7 thoughts on “Durham alumni withhold donations after Trevelyan Principal intimidating behaviour allegations

  • Horrible to see, especially after the trouble with the Welfare Officer!

  • Sadly it’s not just Trevelyan College where senior college staff bully their colleagues. As a victim myself in another college, I attempted suicide, had a complete mental breakdown, but HR and Occ Health did nothing and threatened me with dismissal if I took it further. I was told I had to remain silent or I’d be dismissed. That senior college staff member is still in post and I’m suffering PTSD because of the ordeal.

  • Sadly this doesn’t just happen at Trevelyan College, but also at others. As a victim myself, I endured three years of harrasement and bullying behaviours by a Vice Principal at another college. The treatment I received from the college, HR and Occ Health was disgusting. Upon submitting a grievance, I was threatened with dismissal if I continued with my complaint. I was also told that by submitting a grievance, I would recieve a harassment warning for requesting an investigation into the turmoil I suffered. I suffered three years of hell, attempted suicide, became severely depressed, and all the uni did was continuously threaten me with dismissal if I pursued my grievance, despite having 3 years worth of written evidence (email trials etc).

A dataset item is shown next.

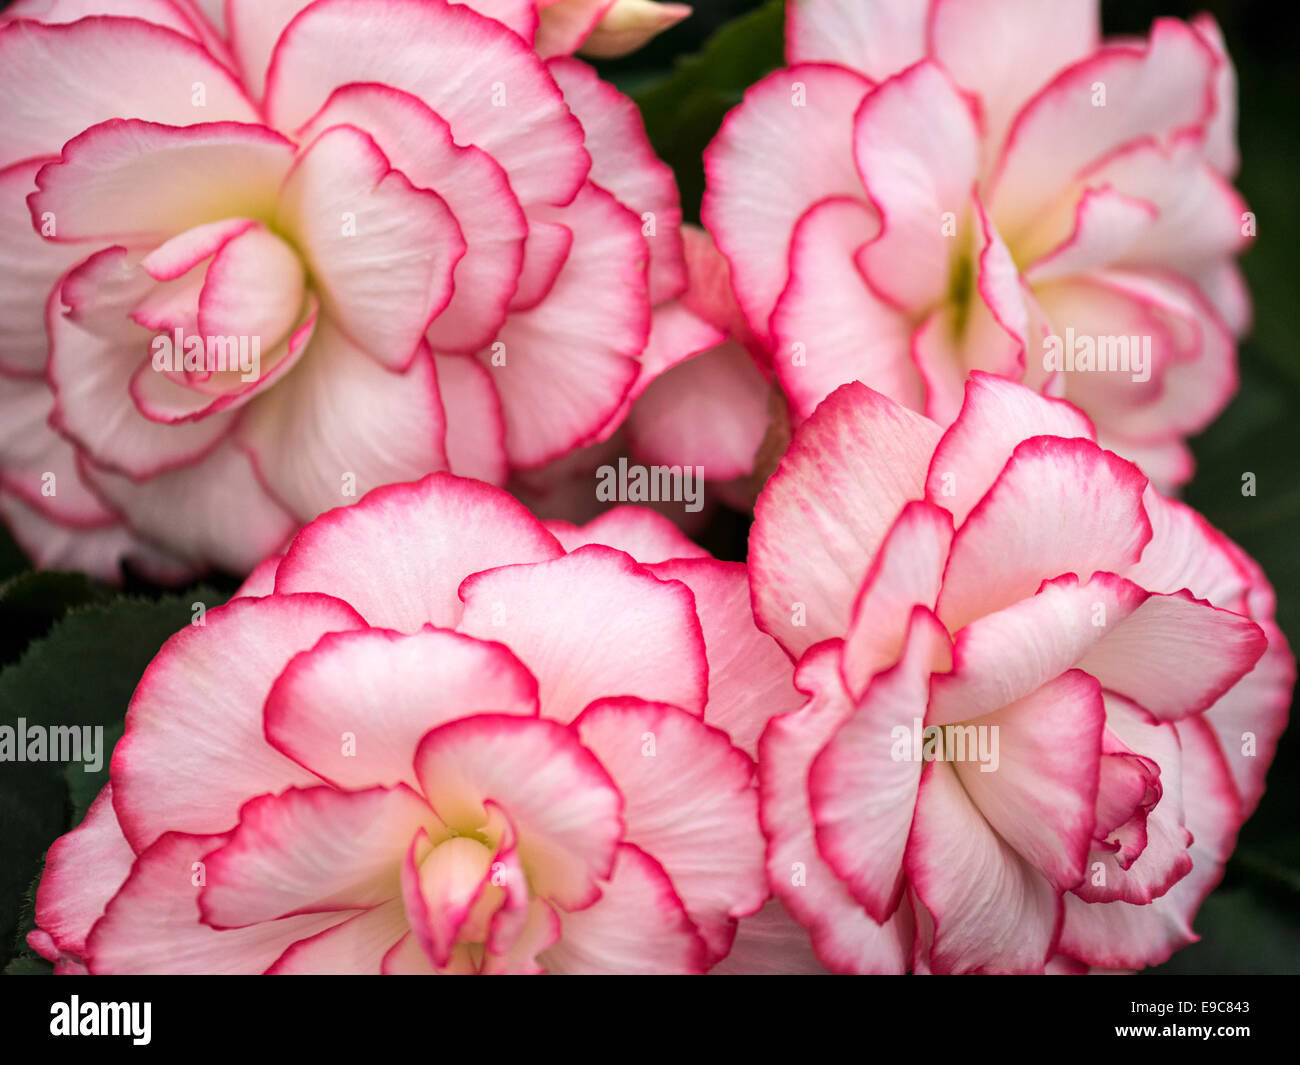 Begonie weiße Blüte mit roten / rosa Rand / Tipps und dunkelgrünem Laub. Stockfoto

    That Vice Principal is still in their position …

  • As a Trevs alumna I am horrified by this. Under no circumstances could I donate to Trevs as long as this situation goes unresolved.
    I am also disgusted that the college, founded specifically to further women’s education, has not had a female Principal since Deborah Lavin, who left around the time the College became mixed.

  • What is it about badly running a glorified youth hostel that makes these academics think they are so much better than other people?

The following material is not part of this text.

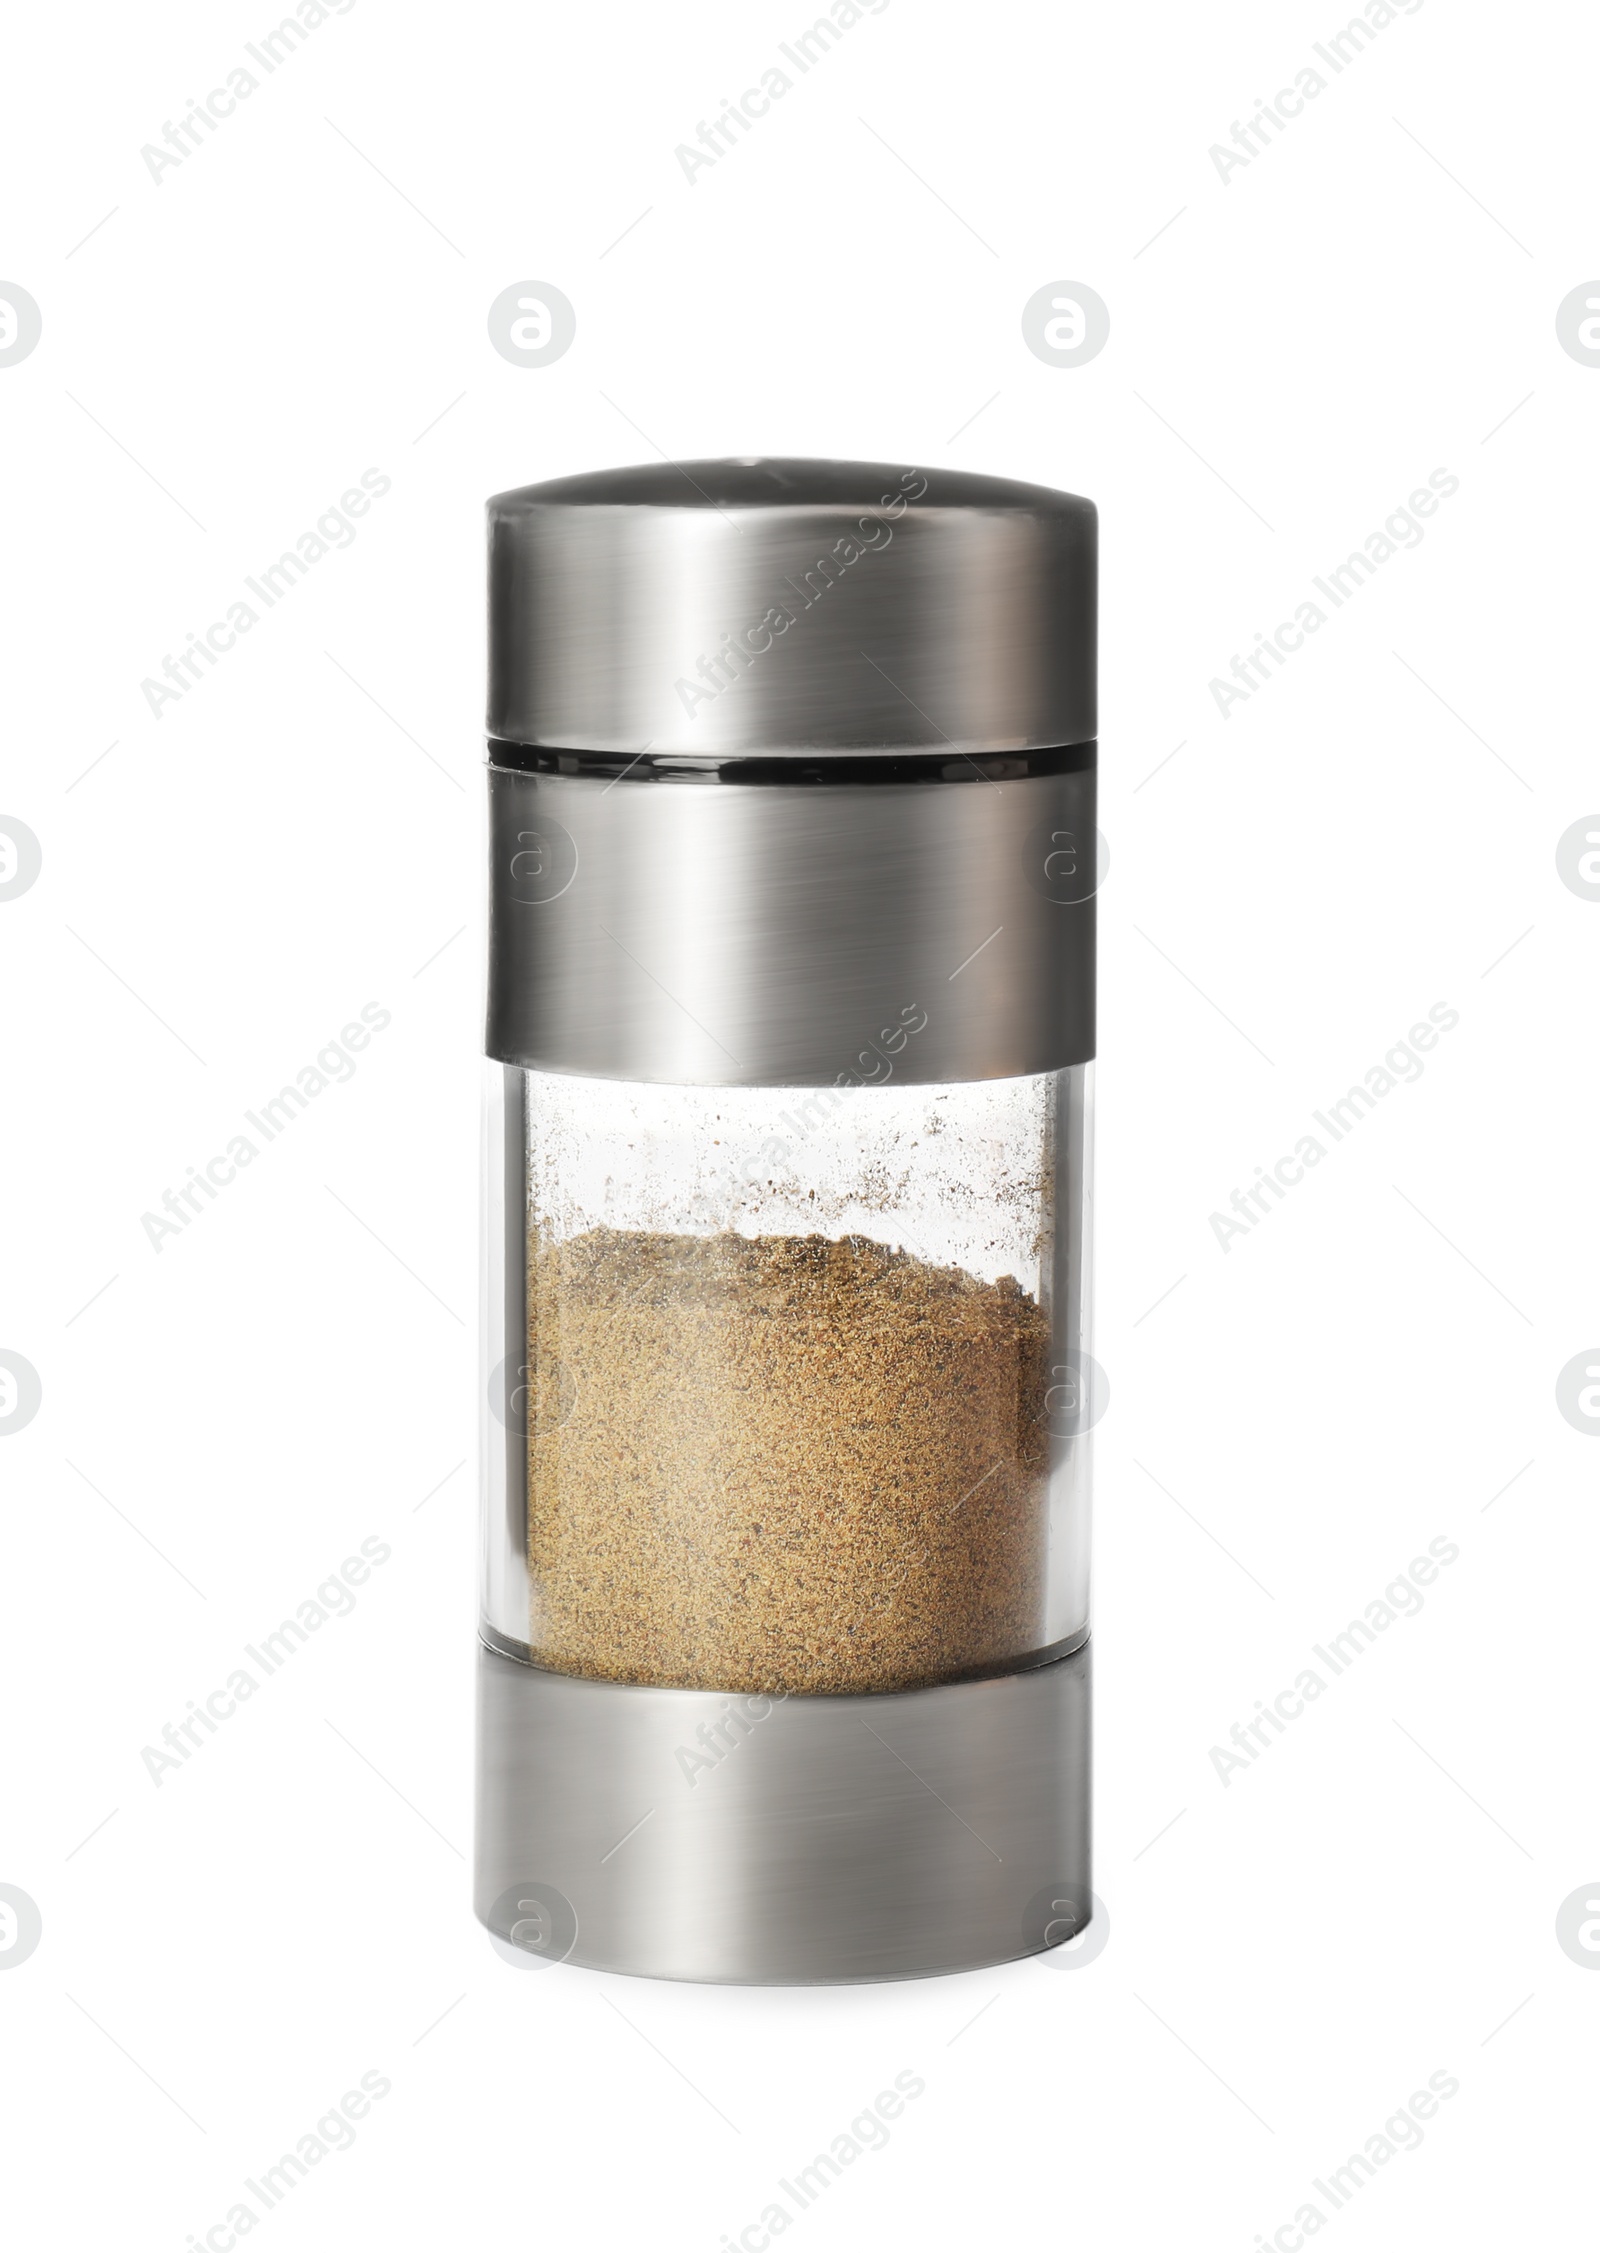 Photo of Pepper shaker isolated on white. Kitchen utensil

  • The chickens have come home to roost for Durham. I was a PhD in the business school and suffered continuous bullying issues. This university is a disgrace

  • I’m an alumnus (back in the 00s!) and some research for a PhD recently took me back to Durham. What I discovered was very unsettling. I contacted the now retired VC who didn’t even reply. I think what I would tease out of the above comments, as way of explanation from someone who has been both in Durham and away from it, is that serious complaints are not being dealt with because of the quite high degree of nepotism in the University. My complaint related to a member of staff who I subsequently discovered had been employed on the basis of being the friend of the head of that department (a department that had also promoted that person’s spouse); not surprisingly the complaint which was valid and concerning (and had involved the VC) went nowhere. Chains of relationships in Durham are preventing complaints from being dealt with in a timely manner (2 years is far too long; Durham likes to retire staff with complaints open against them; the University is good at quoting its policies but staff demonstrably do not follow them); I sympathise with HR etc who have to consider tribunals but a bulk of the blame for some of the ill-matched staff who have been employed at Durham lies with HR; were they coerced or was it just an easy ride? Perhaps it’s time they said. There is much truly suspicious and unsettling behaviour at Durham and having called it out with evidence and received no (direct) response I’m forced to conclude this is because the university is a corrupt one. I don’t say that lightly, I do say it with some authority based on my experience; the dishonesty I encountered was really quite extraordinary and because of self-interest among a chain of staff members connected by friendship or relationship or marriage etc, apparently impossible to correct. My experience was but a snapshot of wider conditions. I’m now working with a journalist to put this into print which is what I suggest others who have been so affected (as clearly they have been) do as well.